This test is applied only to stations measuring both temperature and relative humidity.

metpyqc.internal.heated_raingauge(prec, temp, ind_heater, flag_val)

Check when precipitation occurs with freezing temperatures (below 0 degree Celsius). Flag values when the raingauge is not heated.

Parameters
  • prec (pd.DataFrame) – Precipitation dataframe to be tested (time, stations_prec) in mm

  • temp (pd.DataFrame) – Temperature dataframe to be tested (time, stations_temp) in degree Celsius.

  • ind_heater (list) – List of indexes indicating which raingauge is heated.

  • flag_val (int) – integer representing flag values to be associated to erroneous values.

Returns

flag – Dataframe with flags identifying precipitation values which fail the test.

Return type

pd.DataFrame

Warning

This test is applied only to stations measuring both precipitation and temperature.

metpyqc.internal.humidity_prec(rh, prec, rh_min, flag_val)

Check when relative humidity is below a certain value (rh_min), while precipitation is occurring.

Parameters
  • rh (pd.DataFrame) – Relative humidity dataframe to be tested (time, stations_rh) in percentage

  • prec (pd.DataFrame) – Precipitation dataframe to be tested (time, stations_prec) in mm

  • rh_min (float) – Minimum acceptable value of relative humidity during a precipitation event.

  • flag_val (int) – integer representing flag values to be associated to erroneous values.

Returns

flag – Dataframe with flags identifying relative humidity values which fail the test.

Return type

pd.DataFrame

Warning

This test is applied only to stations measuring both precipitation and relative humidity.
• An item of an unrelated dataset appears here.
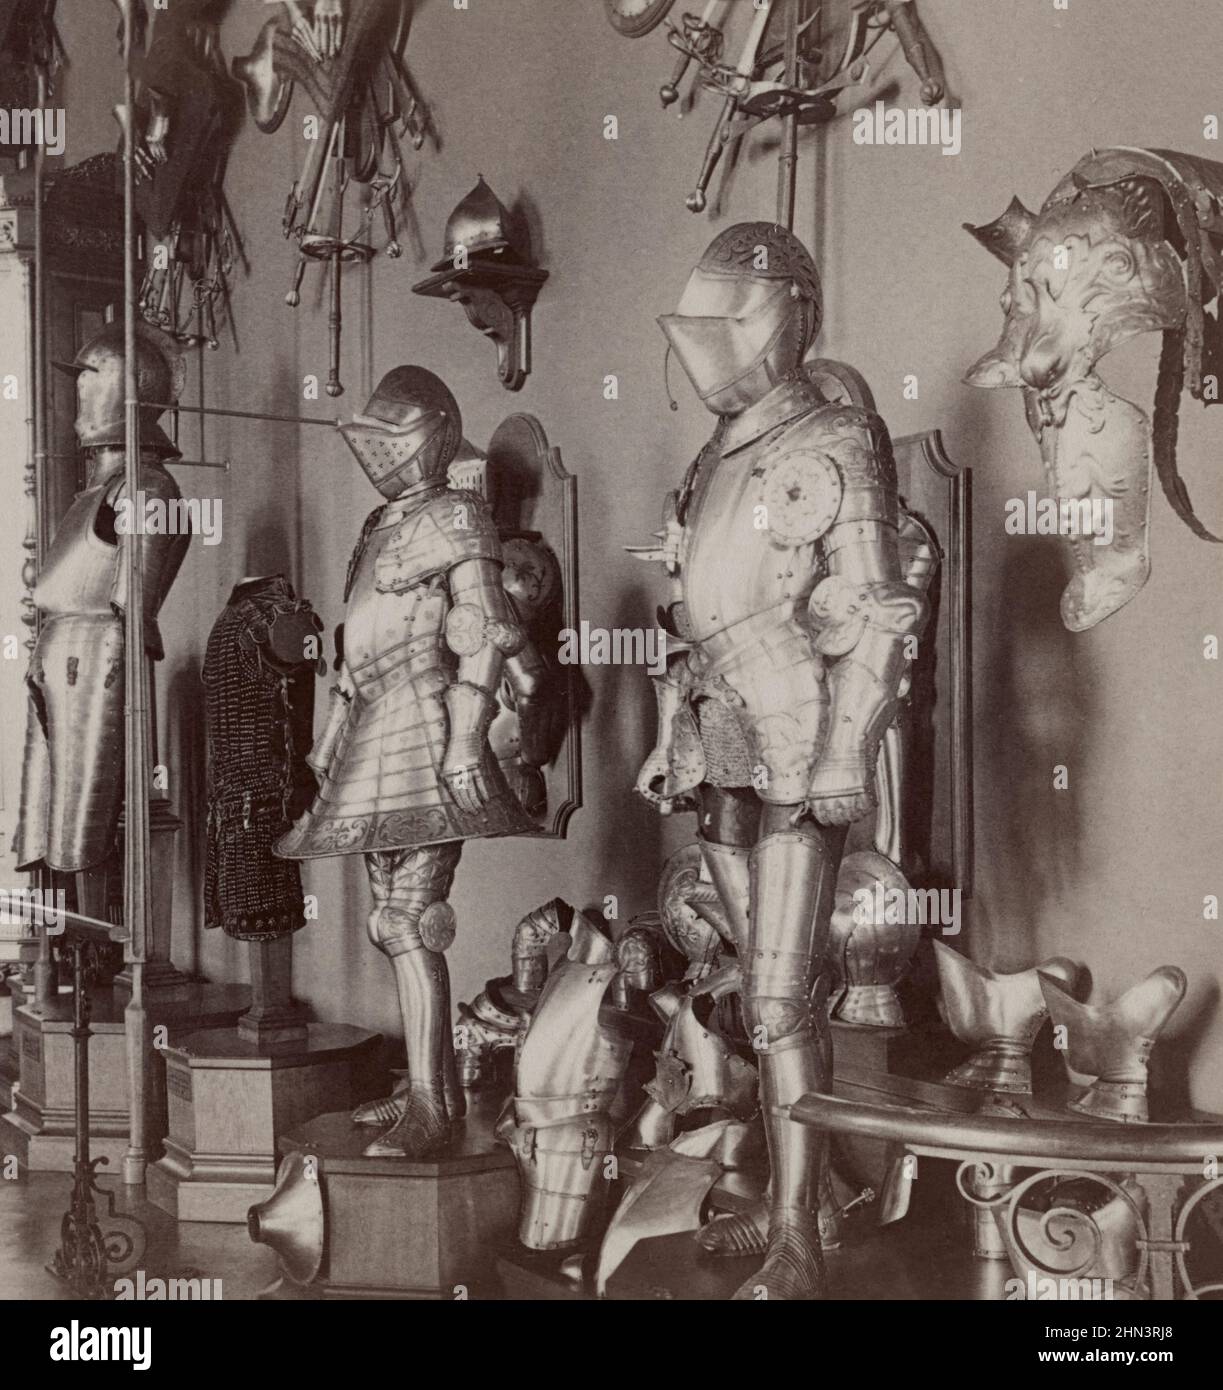 Vintage photo of armor suits of the Archbishops of Salzburg (15th century), Imperial Armory. Vienna, Austria. 1898 Stock Photo
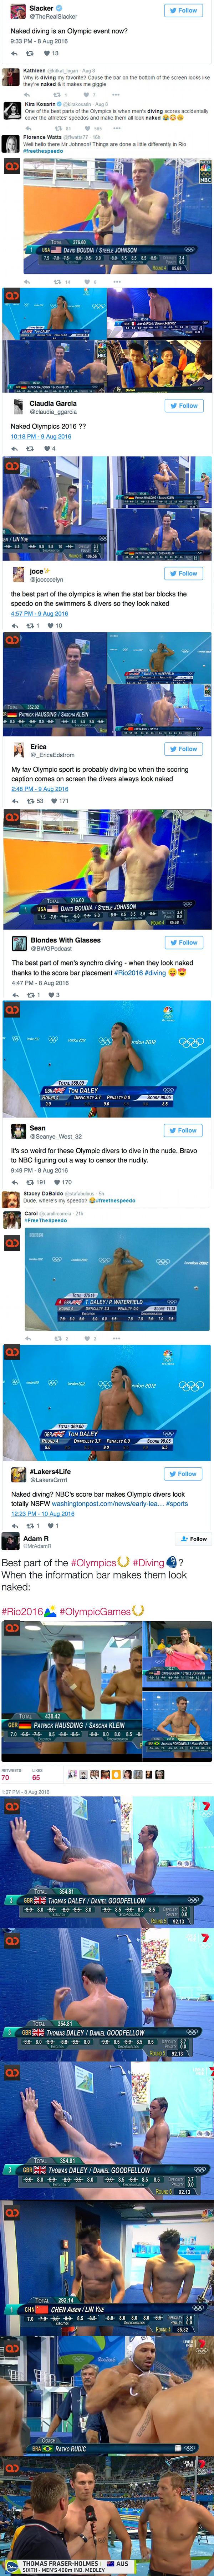 Olympic Divers From Rio 2016 Look “Almost” Naked Thanks To Timely Placed On-Screen Graphics!

metpyqc.internal.leafwet_humidity(lw, rh, rh_min, flag_val)

Check when relative humidity is below a certain value (rh_min), while leaf wetness duration is bigger than 0.

Parameters
  • lw (pd.DataFrame) – Leaf wetness duration dataframe to be tested (time, stations_lw) in min

  • rh (pd.DataFrame) – Relative humidity dataframe to be tested (time, stations_rh) in percentage

  • rh_min (float) – Minimum acceptable value of relative humidity for observing leaf wetness duration.

  • flag_val (int) – integer representing flag values to be associated to erroneous values.

Returns

flag – Dataframe with flags identifying leaf wetness values which fail the test.

Return type

pd.DataFrame

Warning

This test is applied only to stations measuring both leaf wetness and relative humidity.

metpyqc.internal.maxmin(x, x_max, x_min, flag_val)

Check if averaged observed values lies between their maximum and minimum corresponding observations.

Parameters
  • x (pd.DataFrame) – Dataframes to be tested (time, stations): average, maximum and minimum values respectively

  • x_max (pd.DataFrame) – Dataframes to be tested (time, stations): average, maximum and minimum values respectively

  • x_min (pd.DataFrame) – Dataframes to be tested (time, stations): average, maximum and minimum values respectively

  • flag_val (int) – integer representing flag values to be associated to erroneous values.

Returns

  • flag (pd.DataFrame) – Dataframe with flags identifying values which fail the test.

  • res (pd.DataFrame) – Dataframe with quantitative residuals from prescribed limits: positive values indicates wrong values.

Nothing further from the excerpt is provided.